The organ is interesting for a number of reasons. The Netherlands is a country where progressively fewer new organs are built all the time, mostly because there are so many fine instruments already here. Therefore, almost without exception, the larger organ building companies, who specialise more and more in restoration, only get the chance to flex their muscles with foreign contracts. However, a significant new (2003) organ from Pels and van Leeuwen raises eyebrows as they are today almost unknown for significant new instruments.
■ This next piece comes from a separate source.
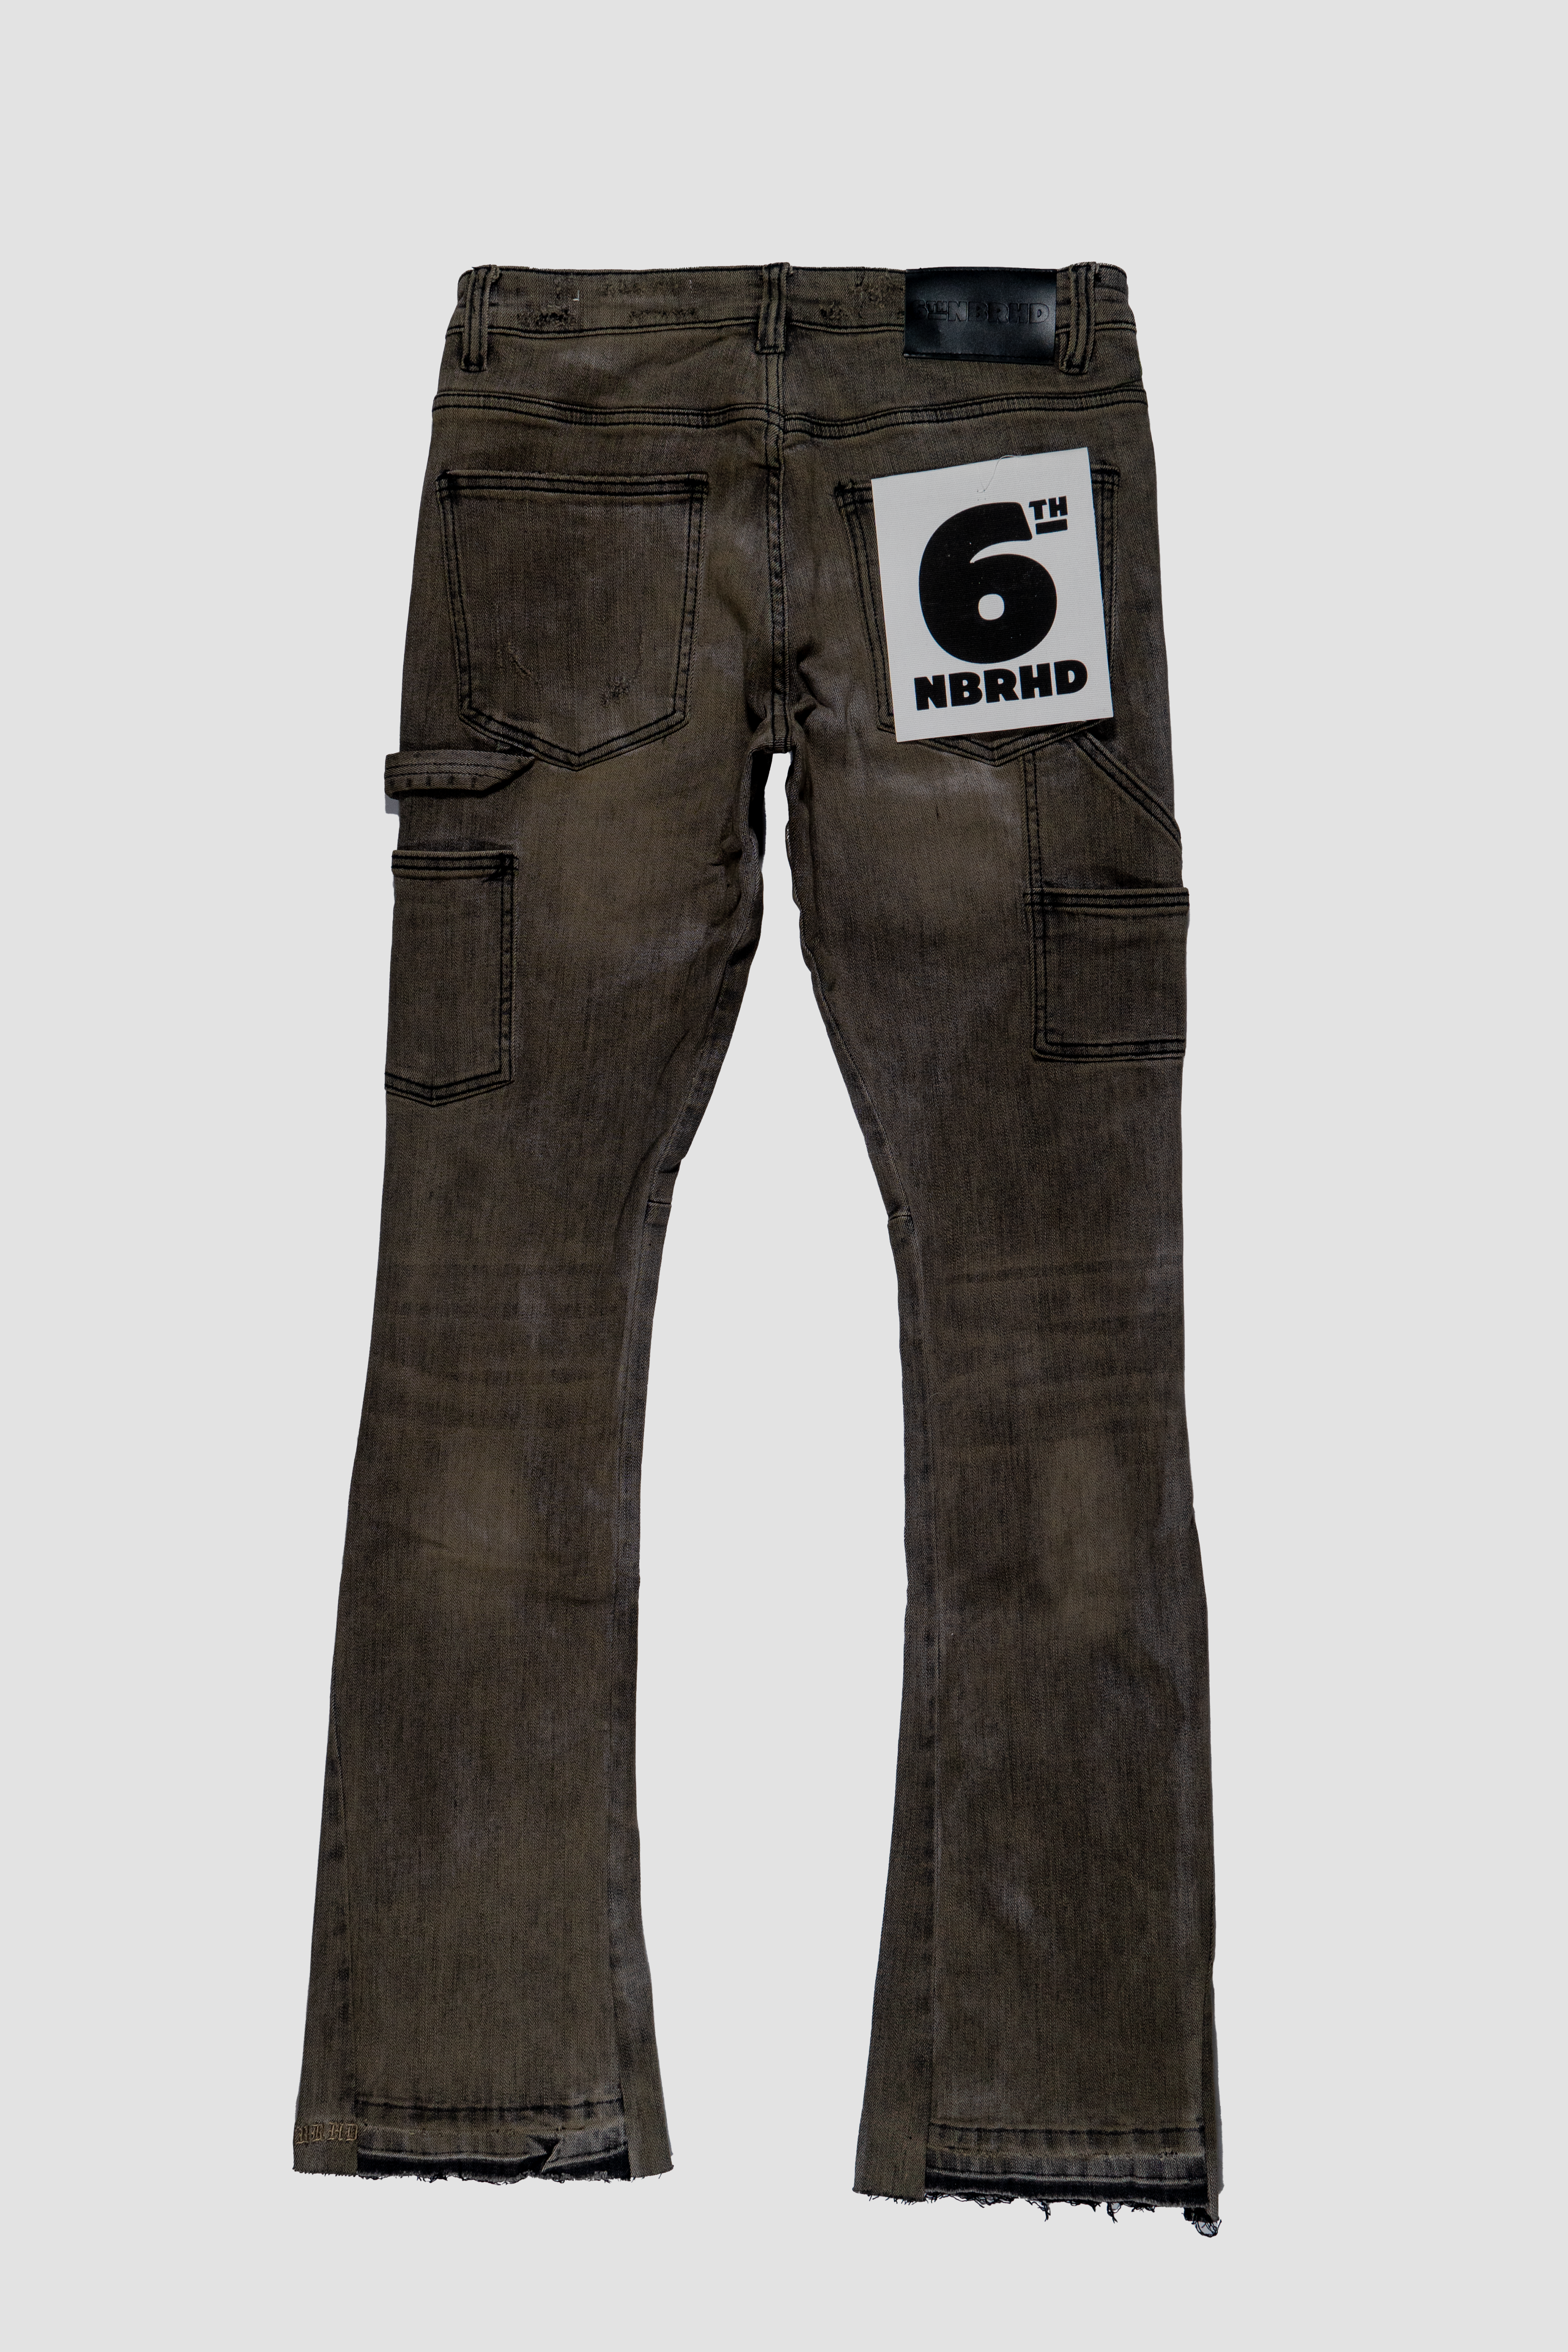 6thNBRHD STACKED "NEW FIELDS" -DIRTY GREY WASH

In the Netherlands they have a rather mixed history, the result of restorations and generally poor new organs built around half a century or more ago, in the first flush of the neo-baroque. One would struggle to name a beautiful Pels organ! This organ however reflects nothing of their perhaps less distinguished past. In Halmstad they have built a genuinely modern, but still concept-led organ; a miracle these days in mainland Europe. It reflects closely a Cavaillé-Coll specification with perhaps some Mutin alterations; compasses are 61/32. There are wide scale mutations on both Recit and Positif, (Alain and Messiaen both possible here). Two of the three manuals are enclosed. Pels and van Leeuwen clearly had a very firm idea of what they were trying to create and on the basis of this recording they have done it very well. Perhaps tonally the organ is a little neutral; its not as beautiful as a Cavaillé-Coll, or even a Schyven. To be honest it doesn't even sound very French, but the fonds are broad and the reeds blend well. I like the woody Basson-Hautbois in the Franck! The organ sounds very expressive and never overbearing despite the dry acoustic; is the church made of wood? It’s a shame Hyperion couldn't find room for a photo.

An interesting release this. Worth picking up to get to know the Sumsion alone.